Bulk A15, high TC Nb3Si synthesized by shock compression

Abstract A shock wave compression technique has been used to convert bulk quantities of Nb3Si into the A15 phase. The recovered material has a lattice parameter of 5.091 ± 0.006 A. It also has an inductive TC of 18.6 K and shows a large specific heat transition at 18.0 K.

A method for the accurate measurement of lattice compressions of low‐Z materials at pressures up to 12 GPa by x‐ray diffraction

The technique developed by Jamieson and Lawson for x‐ray diffraction at high pressure has been modified so that low‐Z materials can be studied under high pressure conditions to 12 GPa. A beryllium annulus replaces the commonly used boron annulus, allowing the use of Cu Kα or Fe Kα radiation, thus improving the accuracy of d‐space determinations. The inclusion of a 4:1 methanol‐chanol mixture developed by Piermarini, et al. relieves pressure gradients and anisotropy, improving both the quality and range of compression data. Excellent compression results are obtained in the 0–1 GPa region where x‐ray techniques have formerly been inaccurate.

Compression of solid nitromethane to 15 GPa at 298 K

The measurement of the isothermal compression of solid nitromethane to 15 GPa at 298 K using high pressure x‐ray diffraction techniques is described. The compression data are fit to a model from which bulk moduli are calculated. Most interesting are the linear compression data. The a axis direction, along which the C–N bonds are aligned, shows little increase in repulsion with increasing pressure above 5 GPa. This indicates that the nitro and methyl groups of neighboring molecules may be interacting.

Structures and transitions in solid O2 to 13 GPa at 298 K by x‐ray diffraction

The structures and phase transitions in solid O2 were studied at 298 K from 6 to 13 GPa using powder x‐ray diffraction in an anvil cell. Pressures were determined from the compression of in situ NaF. X‐ray photographs at various pressures showed patterns from five different phases of O2, two of which were previously unreported. Values of the bulk modulus and volume were derived up to 11 GPa where transition to e‐O2 occurs. A compromise fit to all available data indicates that e‐O2 may be an orthorhombic distortion of δ‐O2.

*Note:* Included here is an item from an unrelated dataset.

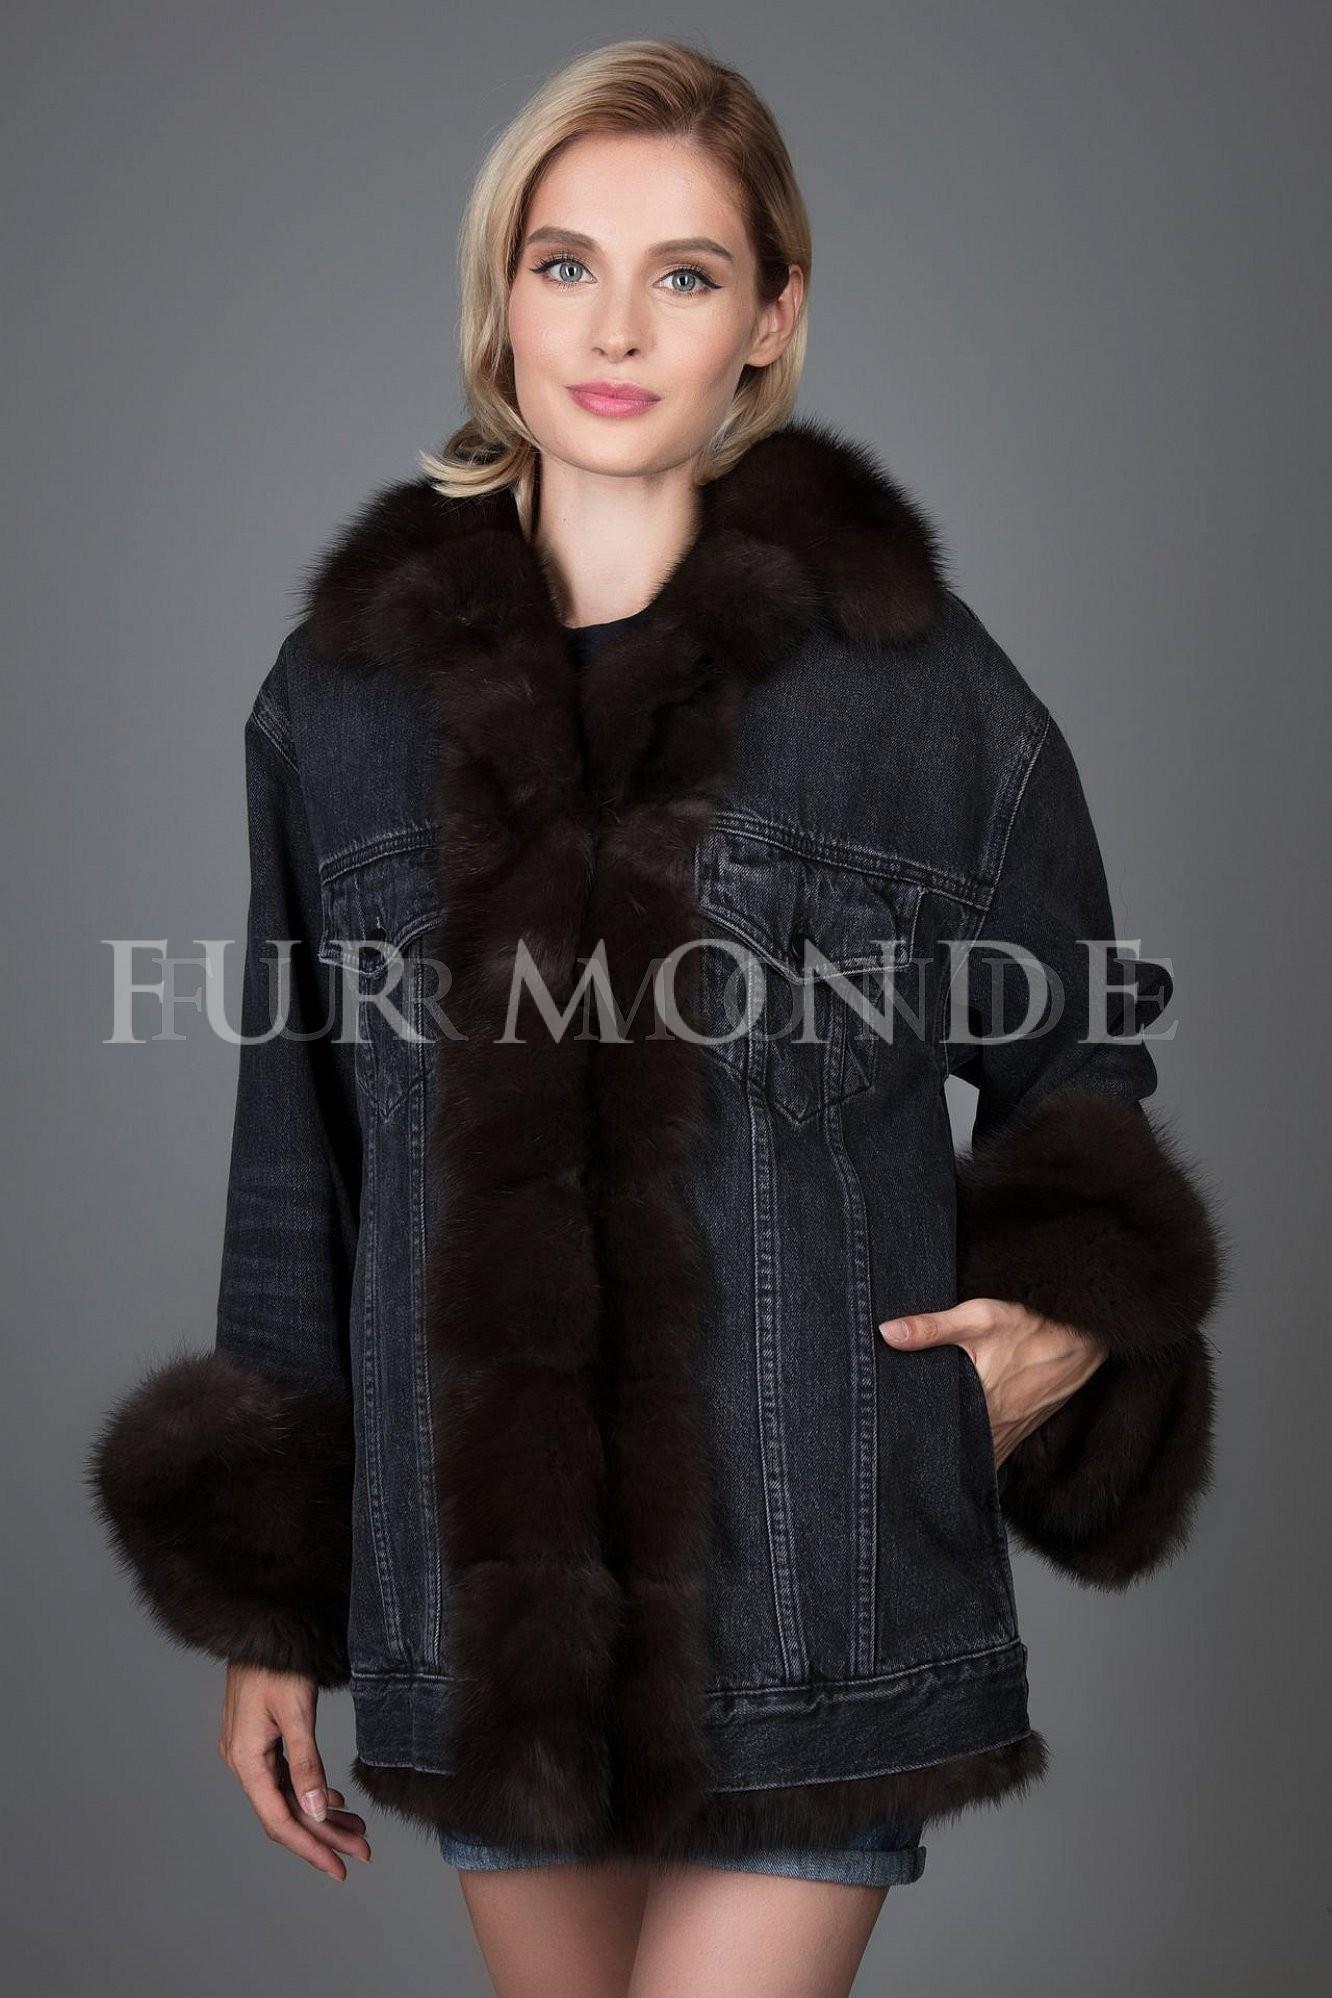 Джинсовая куртка с мехом куницы 359809

The compression of solid N2 at 296 K from 5 to 10 GPa

The volume of solid N2 having Pm3n space group was measured at 296 K from 5 to 10 GPa using a high pressure, x‐ray diffraction technique. The compression of NaF was used as the pressure gauge. From a fit of the compression of the Pm3n structure data converted to the velocity plane, the volumes and bulk moduli are calculated as a function of pressure. From this fit and simultaneous volume measurements of the β‐N2 phase and the Pm3n structure, the pressure of transformation from the β‐N2 phase to the Pm3n structure is found to be 4.8 GPa. Recently published a priori calculations are shown to agree well with the present data.